In April 2019, without addressing his arguments on the § 1182(a)(2)(C) charge, the BIA dismissed Rojas’s appeal solely on the basis of his inadmissibility under § 1182(a)(6)(A)(i). Rojas then timely filed this petition for review, see 8 U.S.C. § 1252(b)(1), along with a motion for a stay of removal. The government moved to dismiss Rojas’s petition. In July 2019, upon consideration of the parties’ motions, we granted Rojas a limited stay of removal and remanded the case to the BIA for the limited purpose of determining whether Rojas is inadmissible under § 1182(a)(2)(C). In September 2019, the BIA once again dismissed Rojas’s appeal, finding that the record supported the IJ’s determination that there was reason to believe that Rojas was involved in illicit drug trafficking. We now consider the merits of Rojas’s petition.

-3- II.

As a general matter, we lack jurisdiction “to review any final order of removal against [a noncitizen] who is removable by reason of having committed a criminal offense covered” in § 1182(a)(2). Id. § 1252(a)(2)(C). We do, however, have jurisdiction to review “preliminary jurisdictional facts.” Gavilan-Cuate v.
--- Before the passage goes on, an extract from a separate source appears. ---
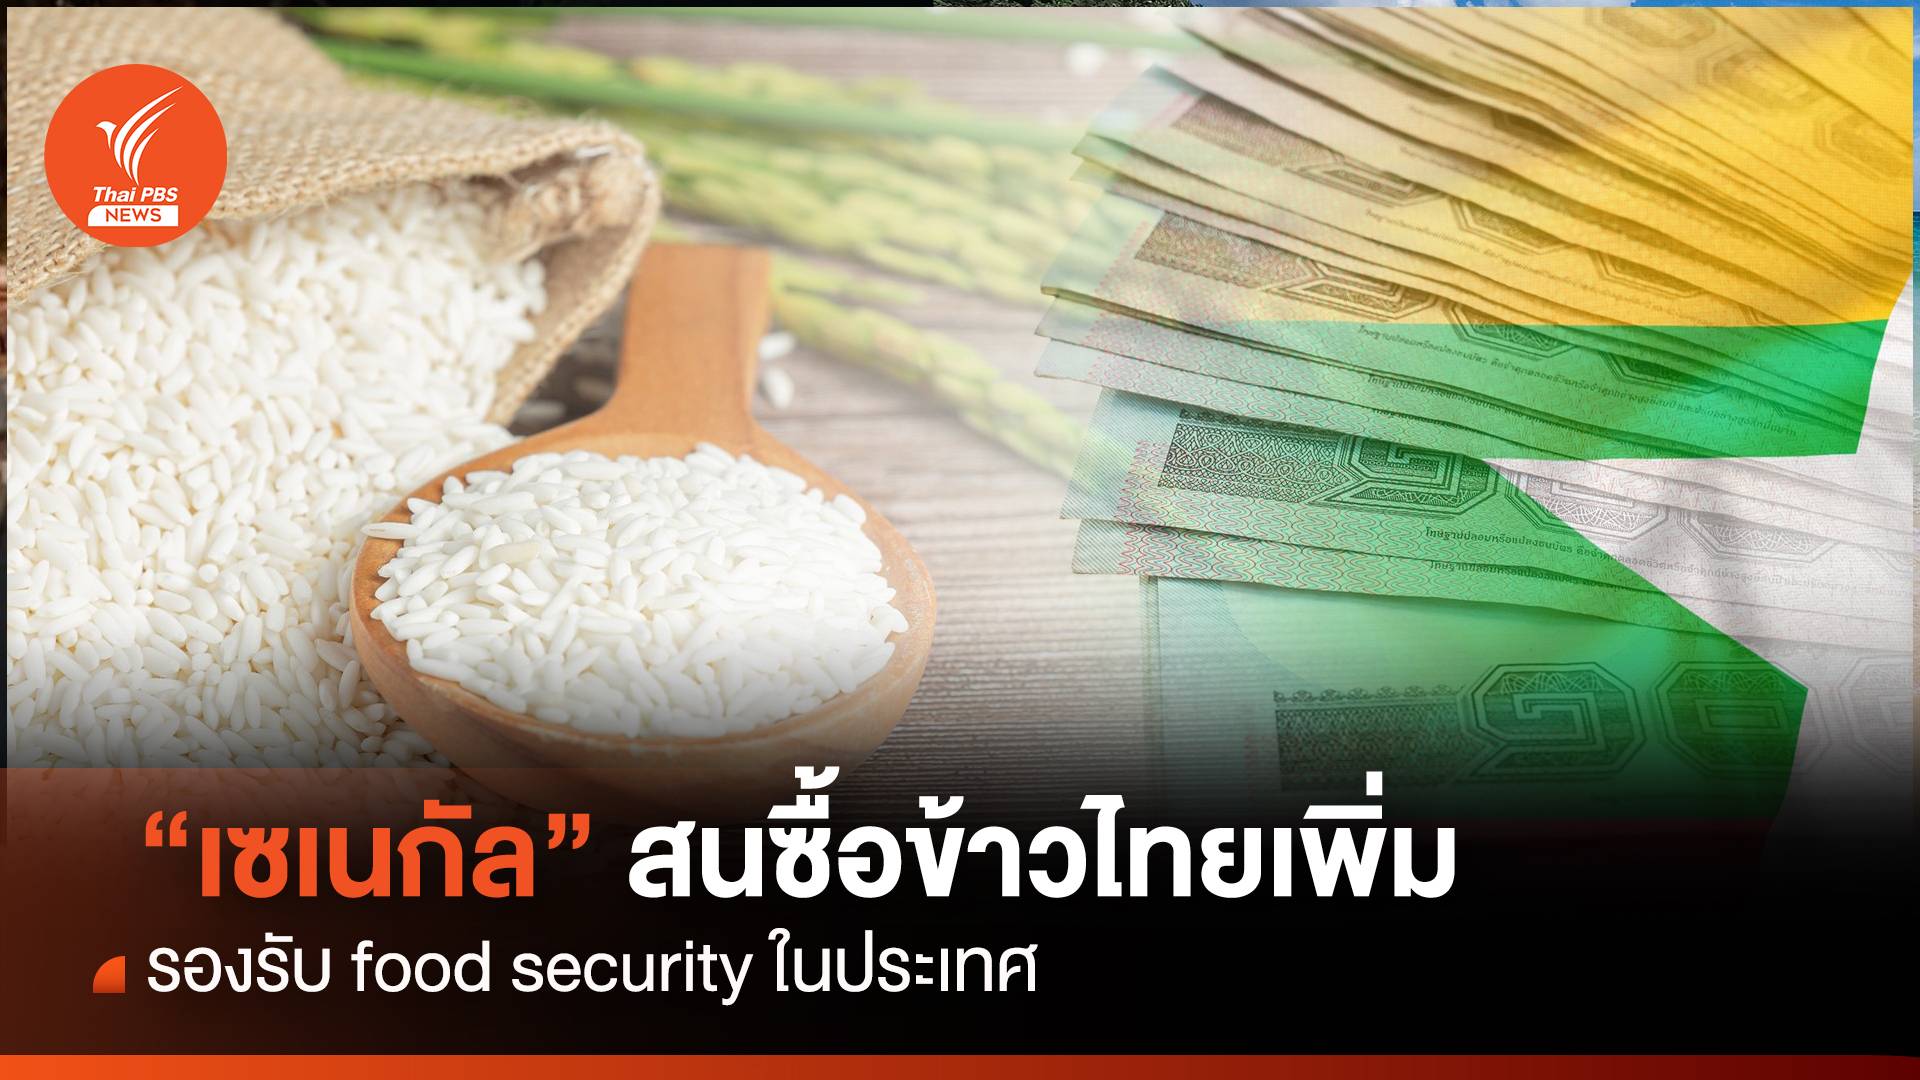 “เซเนกัล” สนซื้อข้าวไทยเพิ่ม รองรับ food security ในประเทศ

Yetter, 276 F.3d 418, 420 (8th Cir. 2002); see also Moussa v. I.N.S., 302 F.3d 823, 825 (8th Cir. 2002) (“[W]e necessarily have jurisdiction to determine our jurisdiction.”); cf. Alzawed v. Barr, 970 F.3d 997, 1000 (8th Cir. 2020) (explaining that we also retain jurisdiction over constitutional claims and questions of law). In doing so, “we review the BIA’s fact-findings for substantial evidence, and . . . its legal determinations, as well as any constitutional challenges, de novo.” Zeah v. Holder, 744 F.3d 577, 580 (8th Cir. 2014) (cleaned up); see also Alzawed, 970 F.3d at 1000 (explaining that when, as here, the BIA “issues a separate opinion instead of summarily affirming” the IJ, we review “the BIA’s decision as the final agency determination”).

To determine whether we have jurisdiction over Rojas’s petition for review, we must therefore determine whether he is “removable by reason of having committed a criminal offense covered in [§] 1182(a)(2),” 8 U.S.C. § 1252(a)(2)(C). The answer to that question depends on whether the BIA “ha[d] reason to believe” that Rojas was “an illicit trafficker in a[] controlled substance” or “a knowing aider, abettor, assister, conspirator, or colluder with others” in such illicit trafficking.1 Id.

1 Because § 1182(a)(2)(C) requires only a “reason to believe” that the noncitizen was involved in illicit drug trafficking, the noncitizen may be found inadmissible even absent a criminal conviction. See Garces v. U.S. Att’y Gen., 611 F.3d 1337, 1345 (11th Cir. 2010) (first citing In re Favela, 16 I. & N.